Data extract:
====

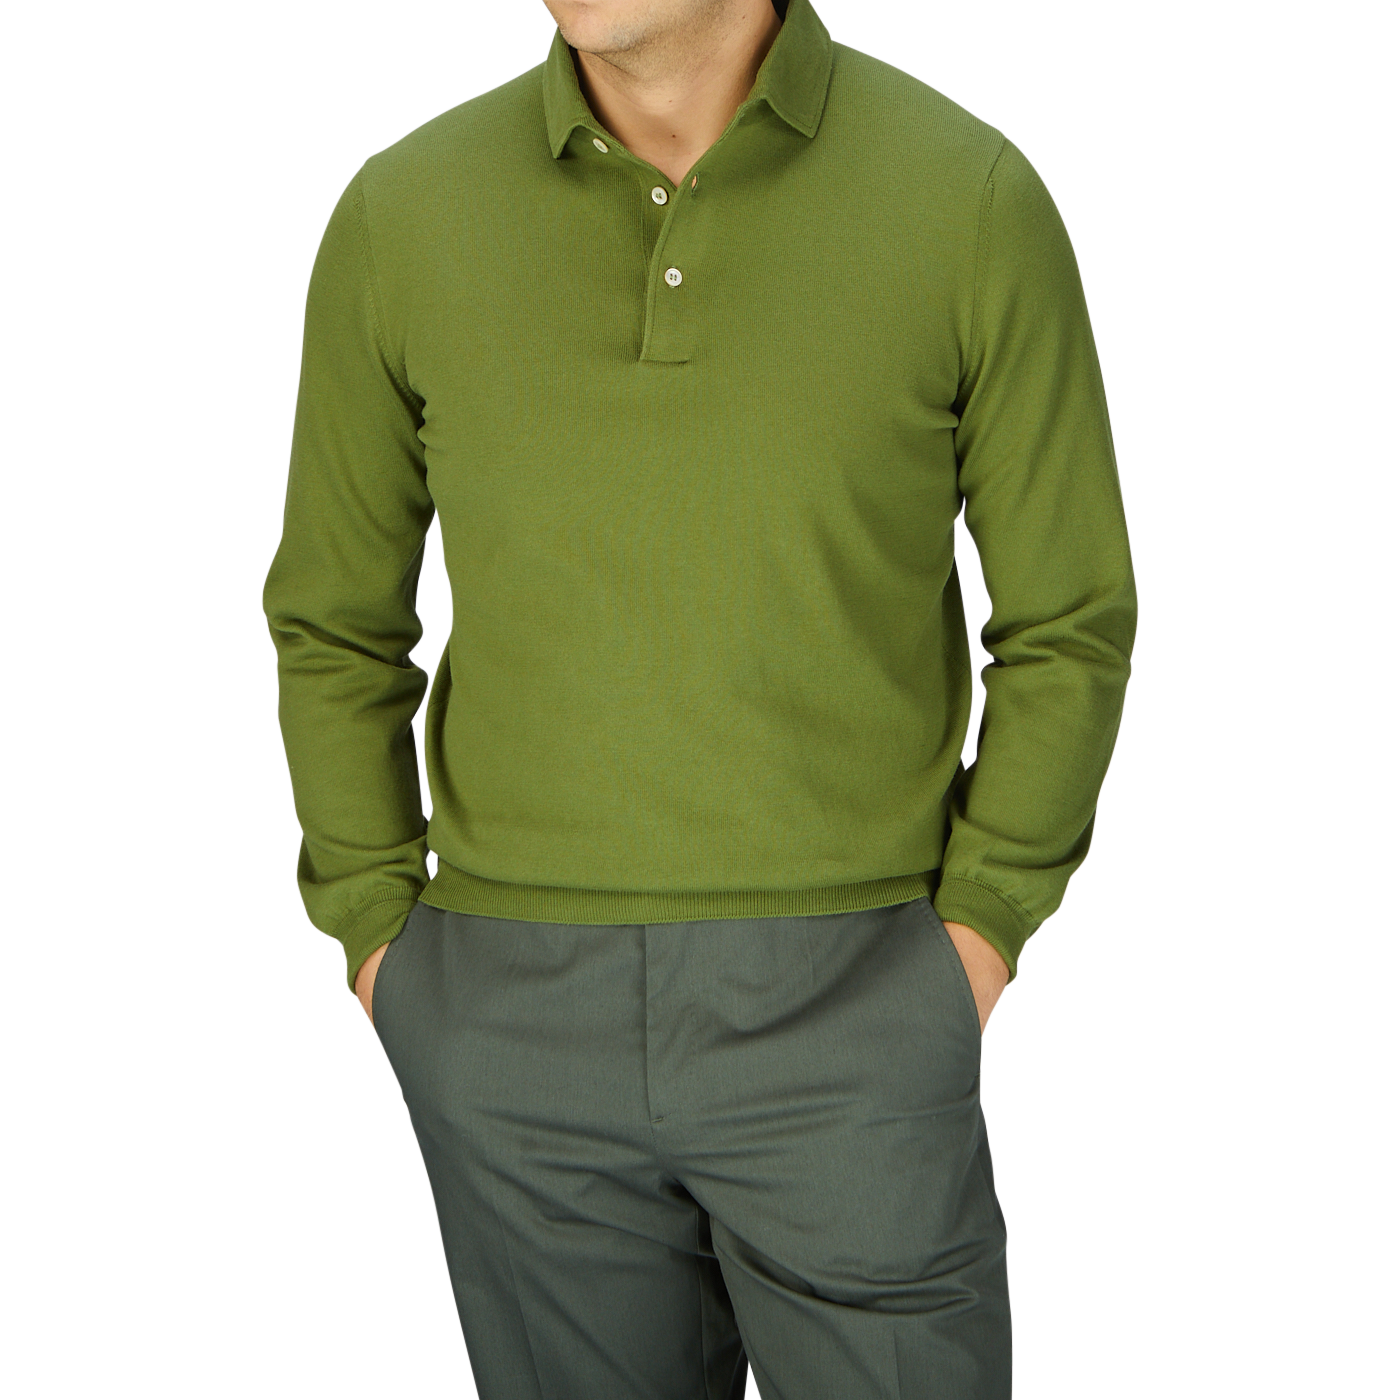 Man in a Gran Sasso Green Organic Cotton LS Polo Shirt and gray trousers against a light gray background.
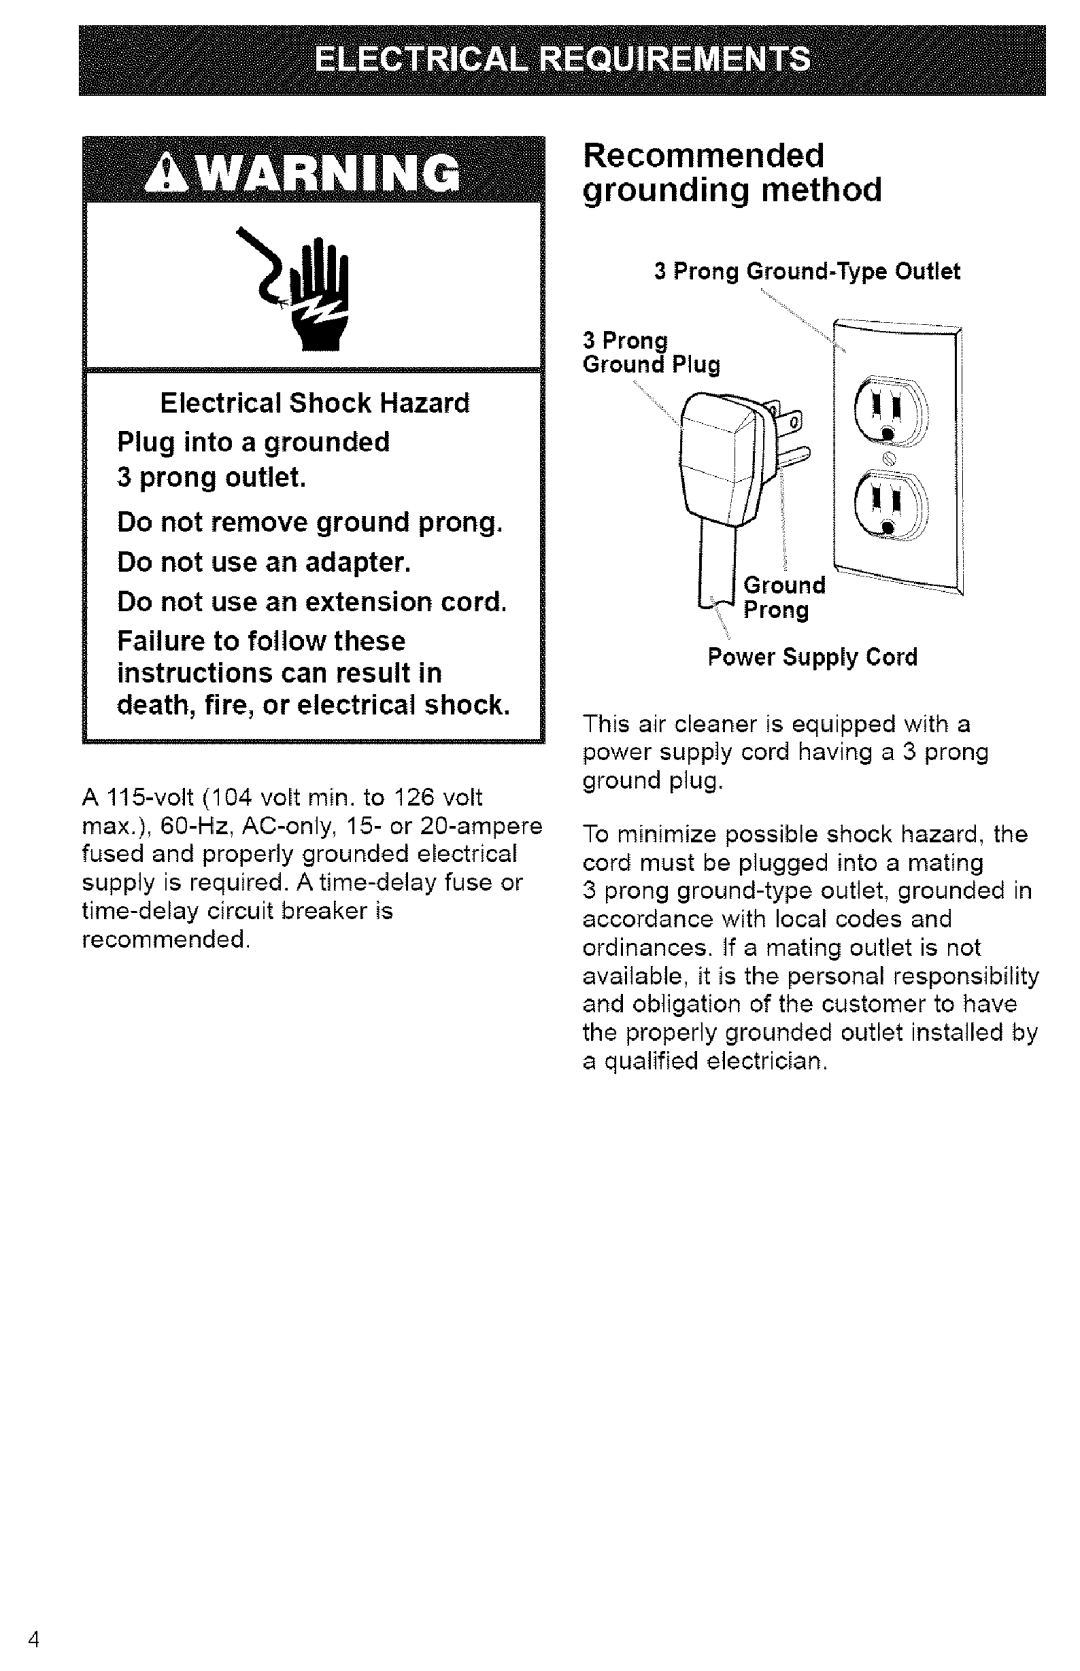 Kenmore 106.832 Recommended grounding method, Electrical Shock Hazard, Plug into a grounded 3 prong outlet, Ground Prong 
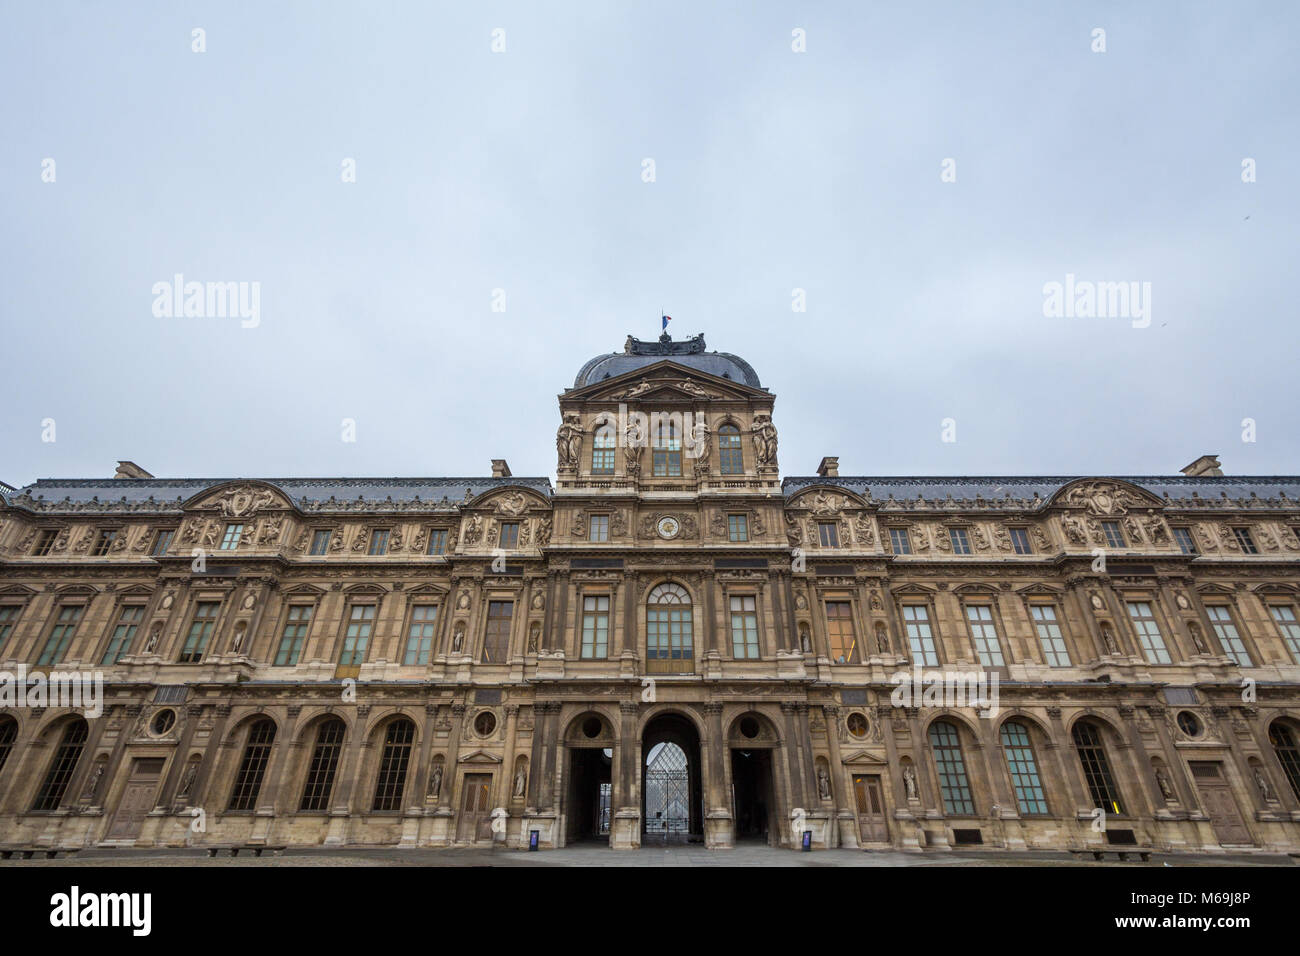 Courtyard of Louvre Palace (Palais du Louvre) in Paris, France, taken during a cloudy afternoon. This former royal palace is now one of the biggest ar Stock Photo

====

Task details: Starting with the top line, write out all the data above exactly; keep the pictures out.

Your response:
 Man in a Gran Sasso Green Organic Cotton LS Polo Shirt and gray trousers against a light gray background.
 Kenmore 106.832 Recommended grounding method, Electrical Shock Hazard, Plug into a grounded 3 prong outlet, Ground Prong 
 Courtyard of Louvre Palace (Palais du Louvre) in Paris, France, taken during a cloudy afternoon. This former royal palace is now one of the biggest ar Stock Photo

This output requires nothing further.